Material shown:
========================================

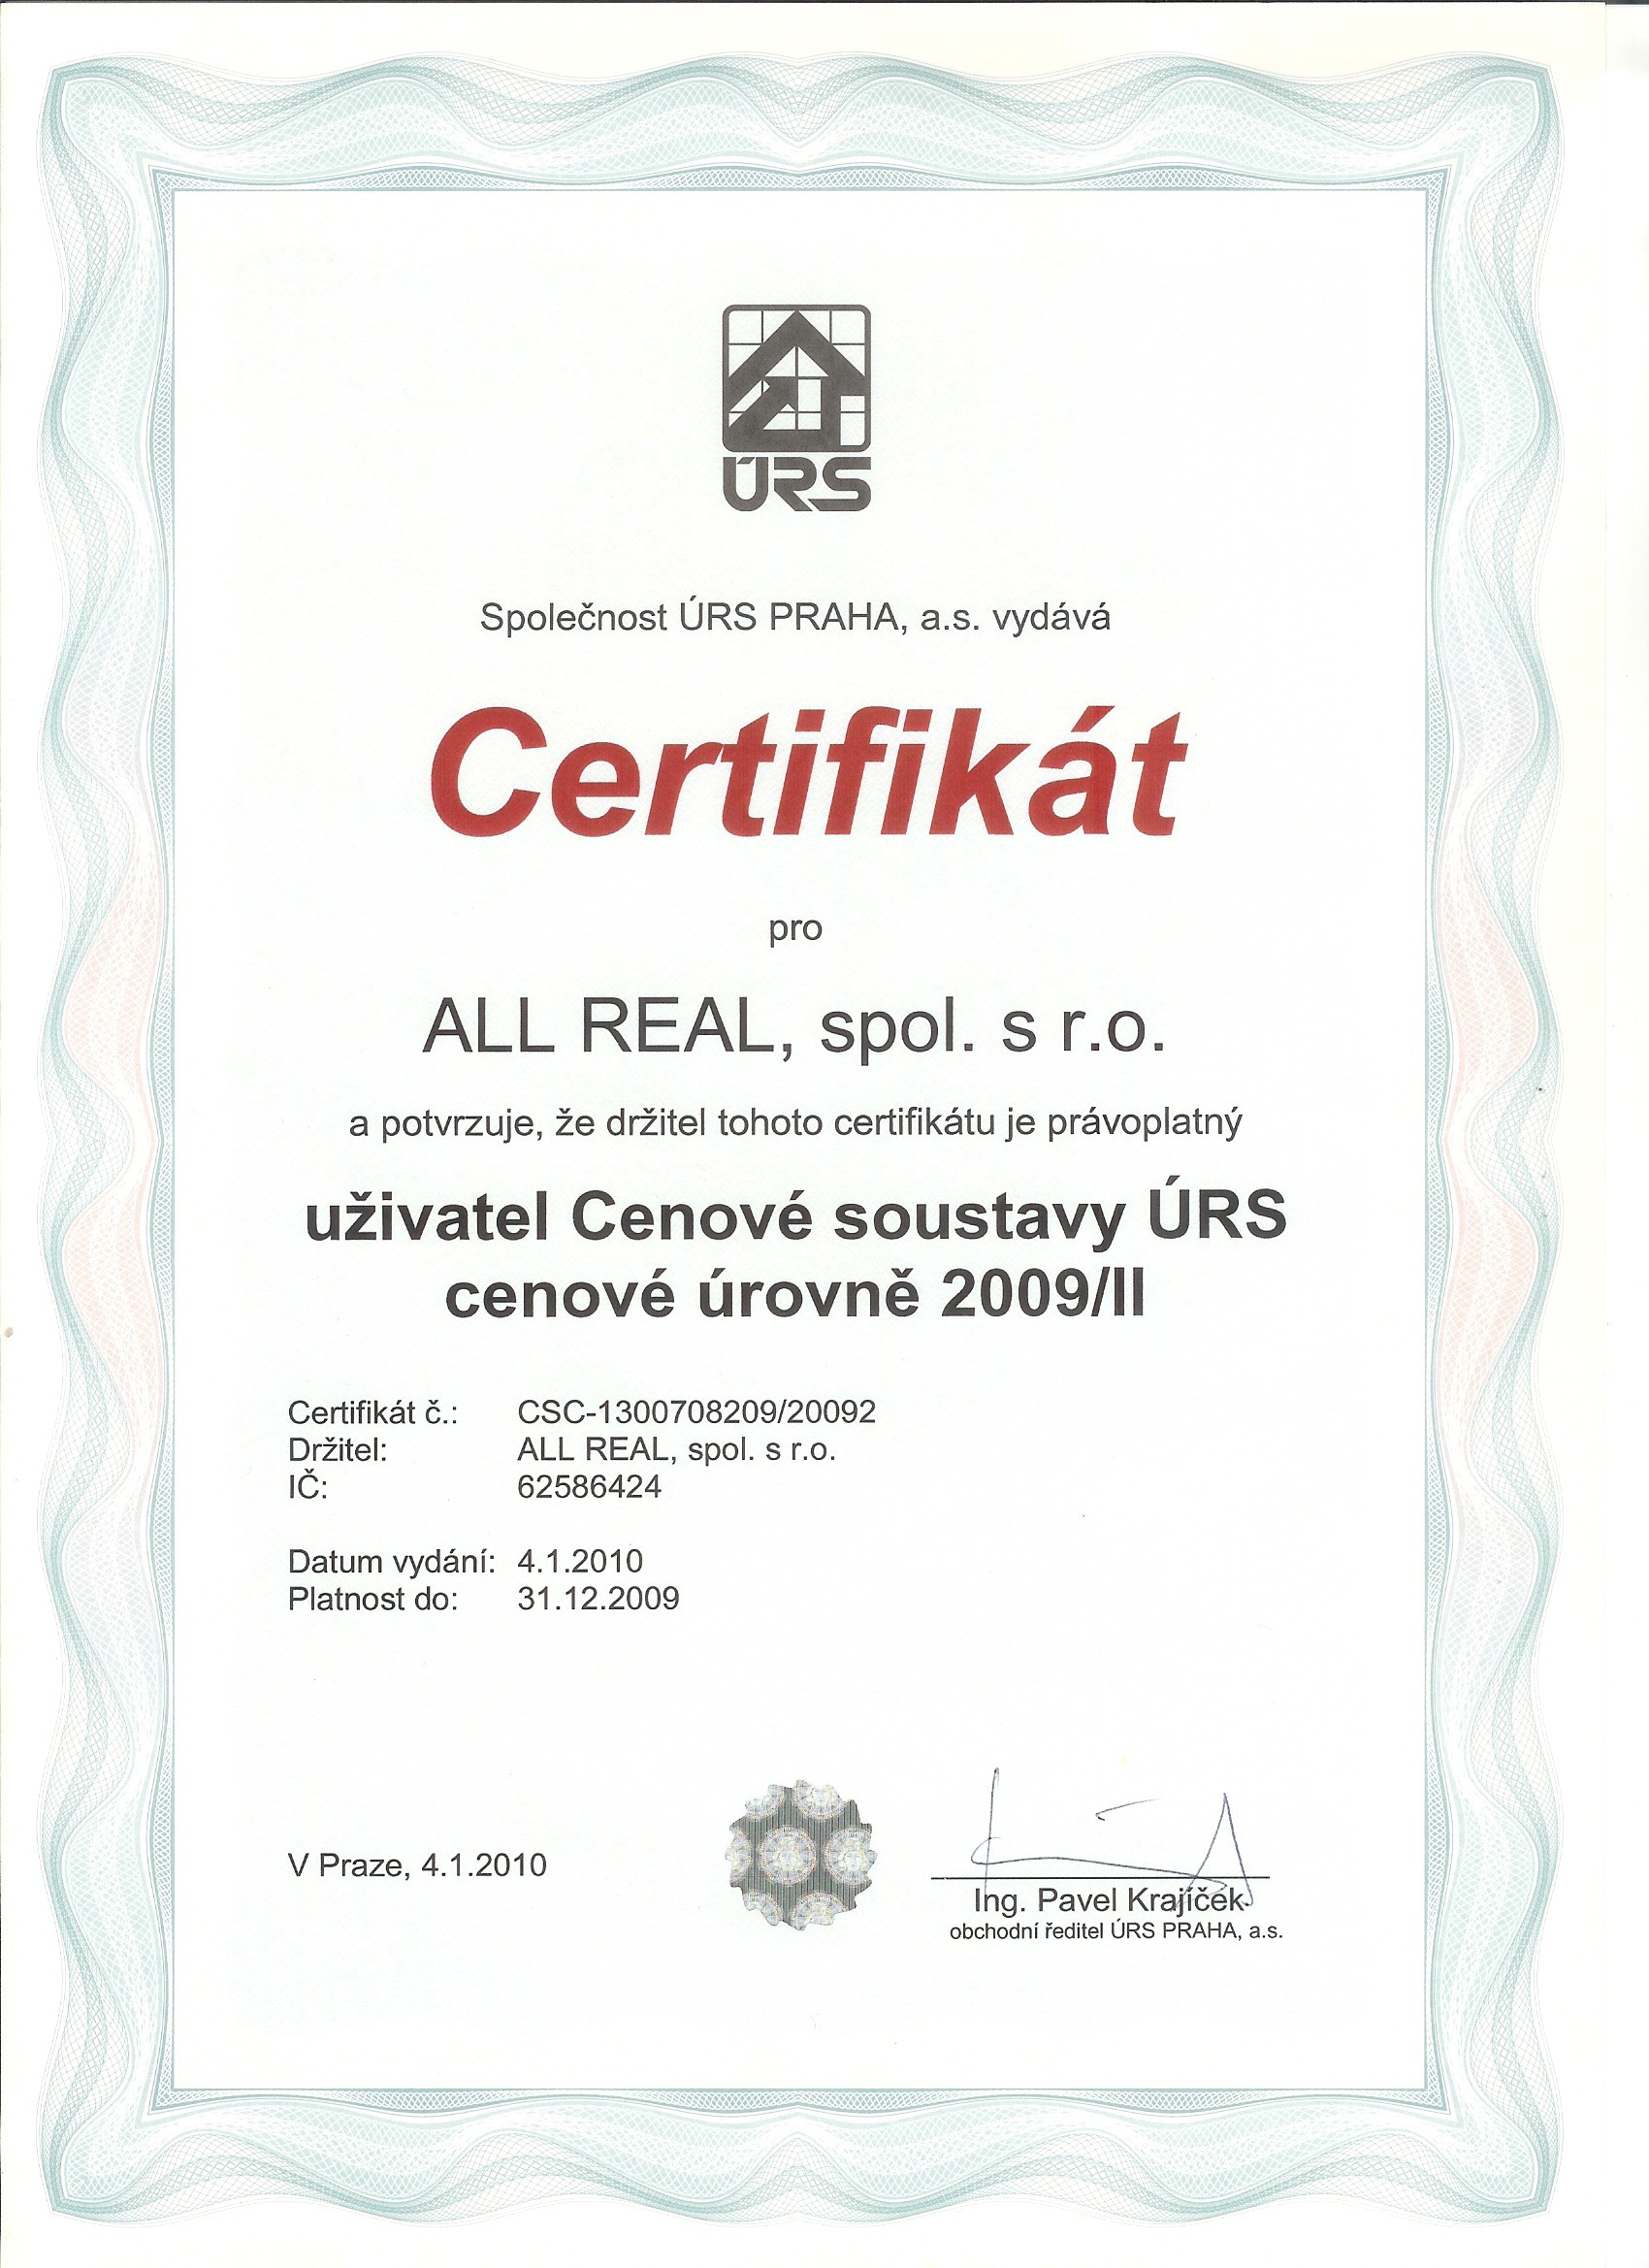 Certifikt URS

========================================

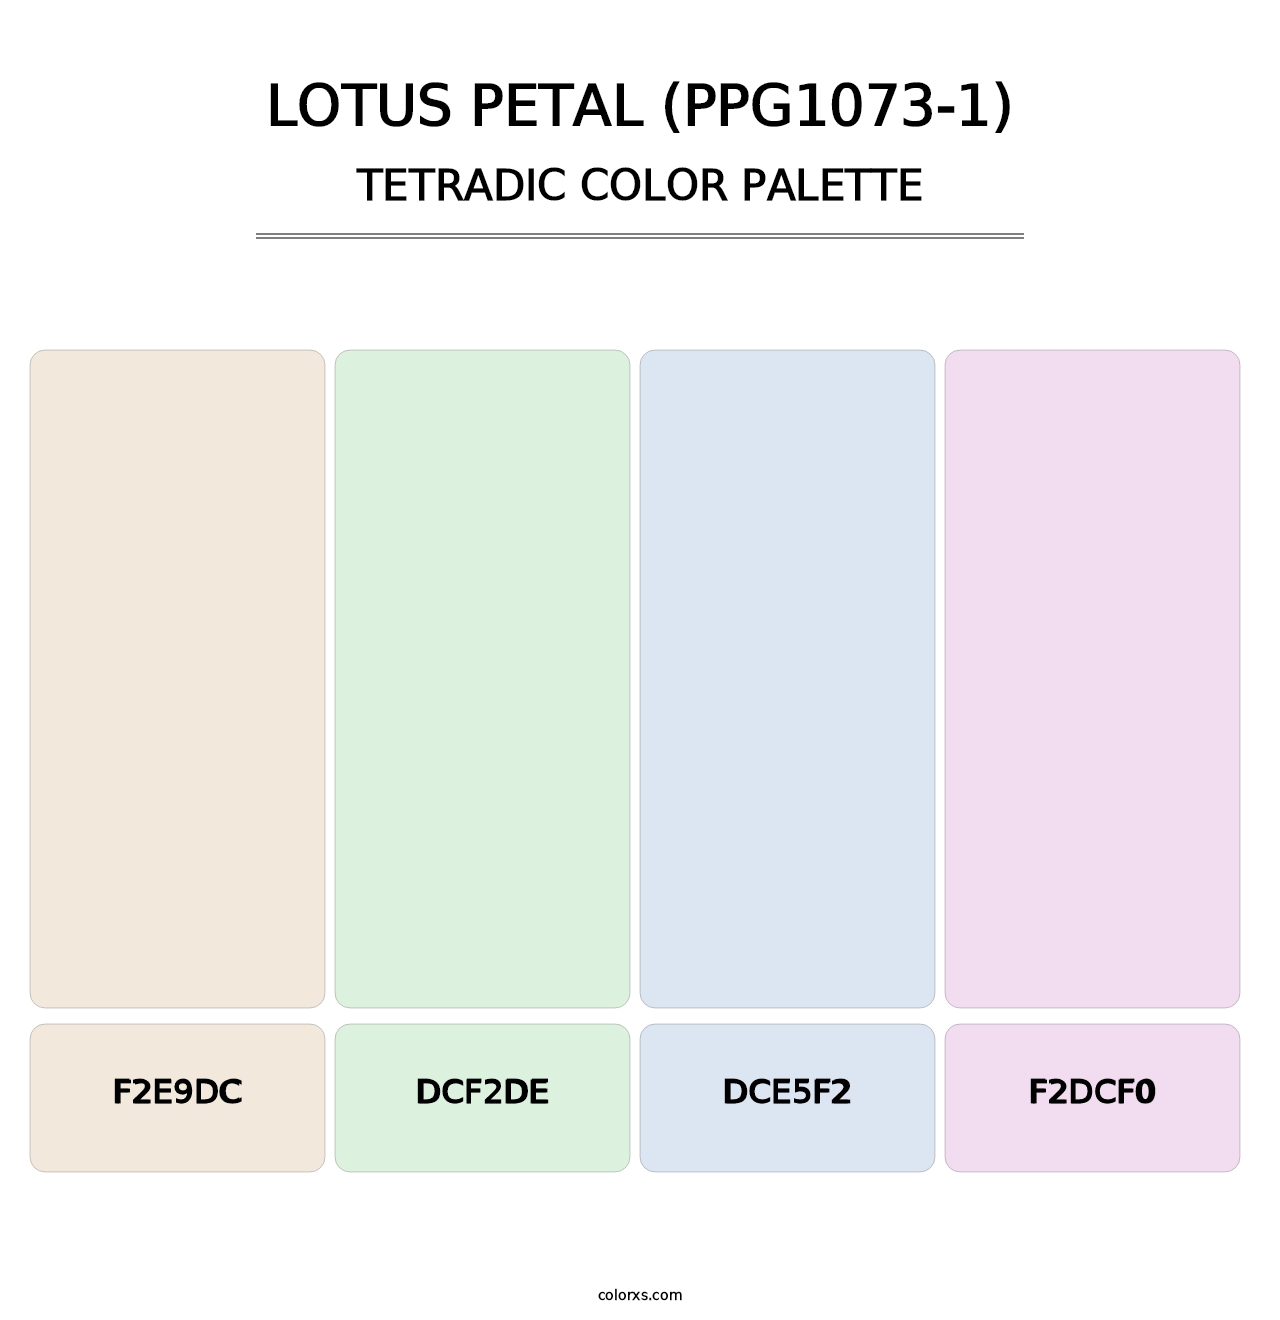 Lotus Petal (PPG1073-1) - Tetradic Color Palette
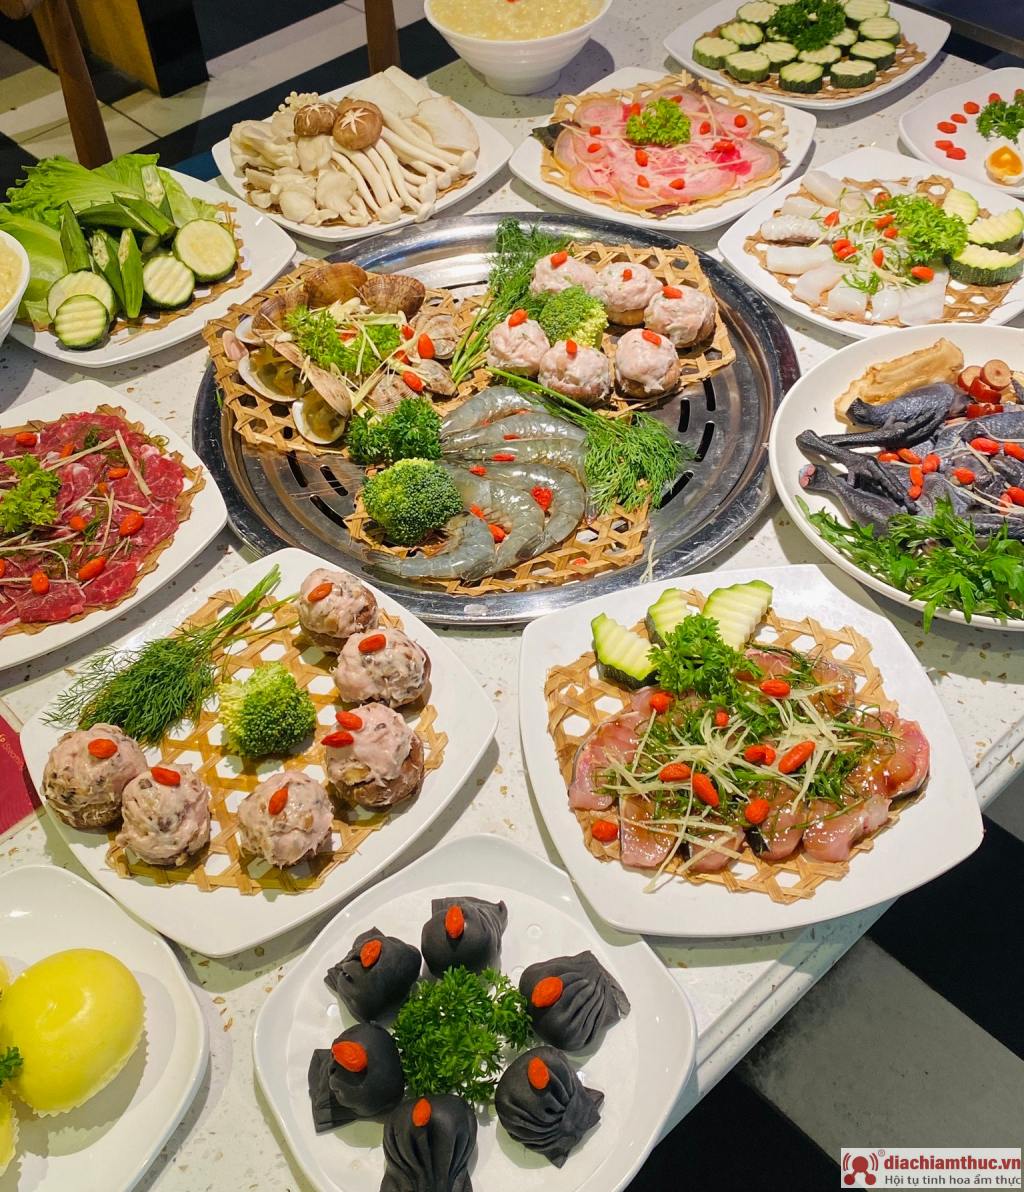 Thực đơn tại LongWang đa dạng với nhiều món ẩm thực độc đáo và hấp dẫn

========================================

What needs to be done:
Write out again exactly the lines above from the one with "Lotus Petal (PPG1073-1)" through the one with "Thực đơn tại", adding no other lines and no pictures.

Result:
 Lotus Petal (PPG1073-1) - Tetradic Color Palette
 Thực đơn tại LongWang đa dạng với nhiều món ẩm thực độc đáo và hấp dẫn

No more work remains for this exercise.